The Economist tries to answer the question Why is everyone so busy? and it doesn’t tell a pretty story about ourselves. It starts with the economics of it:

When people are paid more to work, they tend to work longer hours, because working becomes a more profitable use of time. So the rising value of work time puts pressure on all time. Leisure time starts to seem more stressful, as people feel compelled to use it wisely or not at all.

This part makes us sound like terrible human beings, but it’s hard to disagree with:

The explosion of available goods has only made time feel more crunched, as the struggle to choose what to buy or watch or eat or do raises the opportunity cost of leisure (ie, choosing one thing comes at the expense of choosing another) and contributes to feelings of stress. The endless possibilities afforded by a simple internet connection boggle the mind. When there are so many ways to fill one’s time, it is only natural to crave more of it. And pleasures always feel fleeting.

And of course we tell ourselves that one day it will be different:

Writing in the first century, Seneca was startled by how little people seemed to value their lives as they were living them—how busy, terribly busy, everyone seemed to be, mortal in their fears, immortal in their desires and wasteful of their time.
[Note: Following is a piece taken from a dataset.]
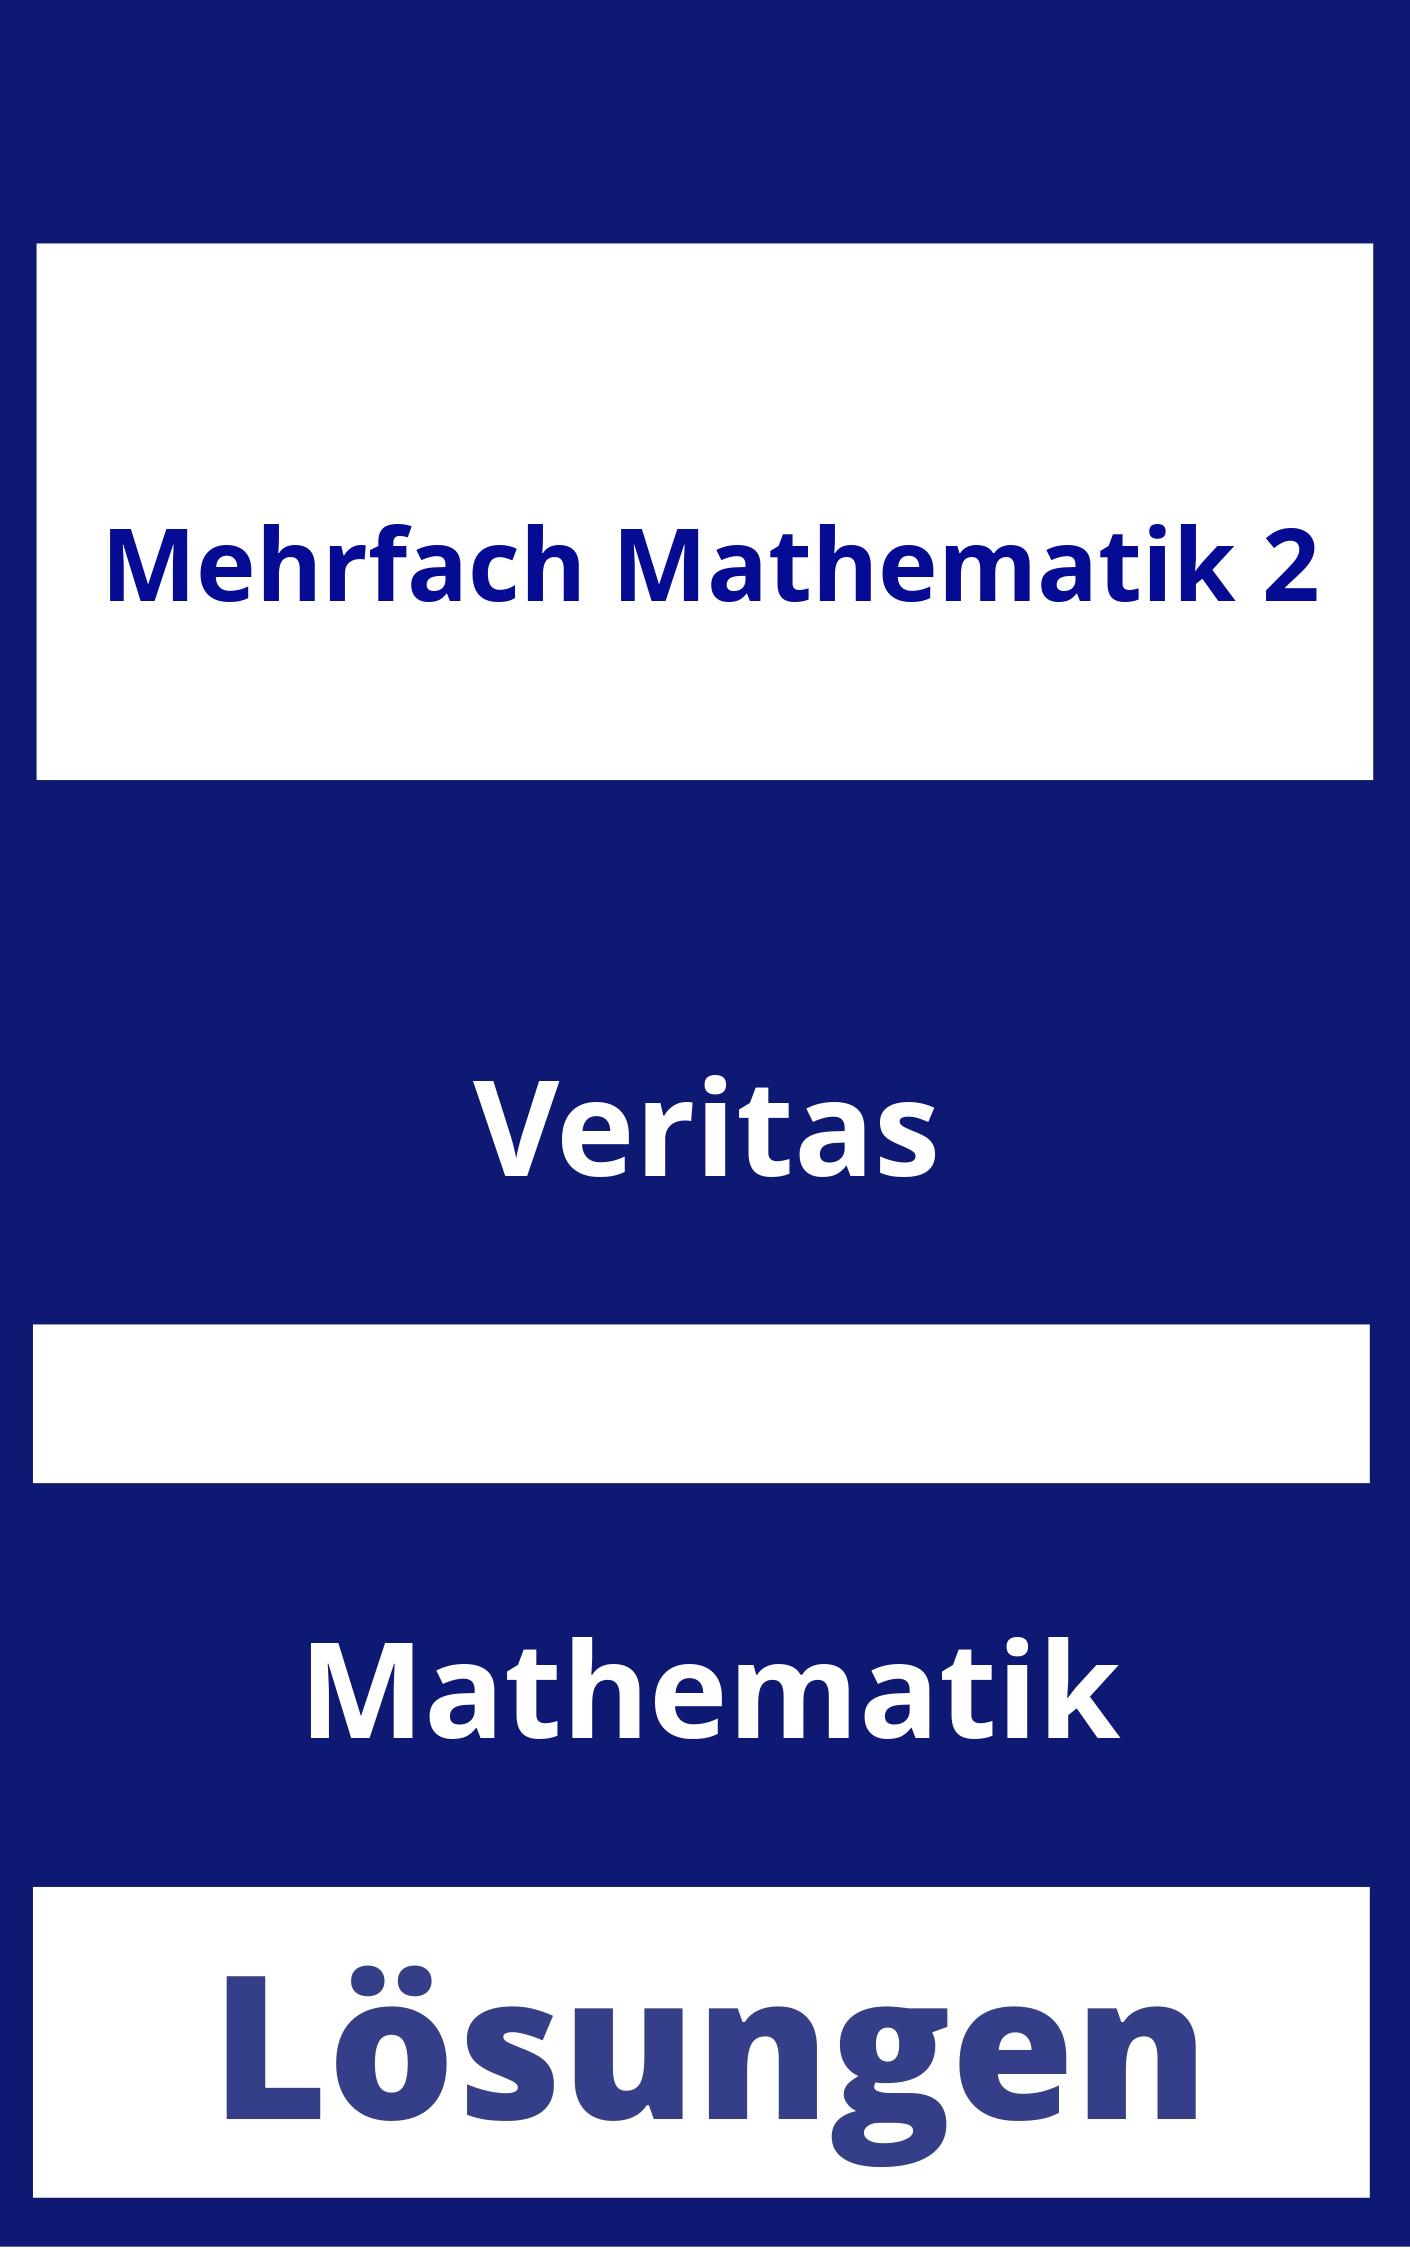 MEHRfach Mathematik 2 Lösungen PDF

He noticed how even wealthy people hustled their lives along, ruing their fortune, anticipating a time in the future when they would rest. “People are frugal in guarding their personal property; but as soon as it comes to squandering time they are most wasteful of the one thing in which it is right to be stingy,” he observed in “On the Shortness of Life”, perhaps the very first time-management self-help book.

This is a long article and I know you’re busy, but try to make time for it…

The challenge with remote work is what happens next

Sticking with the theme of remote work, Steven Sinofsky wrote a great post called Why Remote Engineering Is So Difficult!? There’s a lot of food for thought, but here’s the main issue:

The core challenge with remote work is not how it is defined right here and now. In fact that is often very easy. It usually only takes a single in person meeting to define how things should be split up. Then the collaboration tools can help to nurture the work and project. It is often the case that this work is very successful for the initial run of the project. The challenge is not the short term, but what happens next. […]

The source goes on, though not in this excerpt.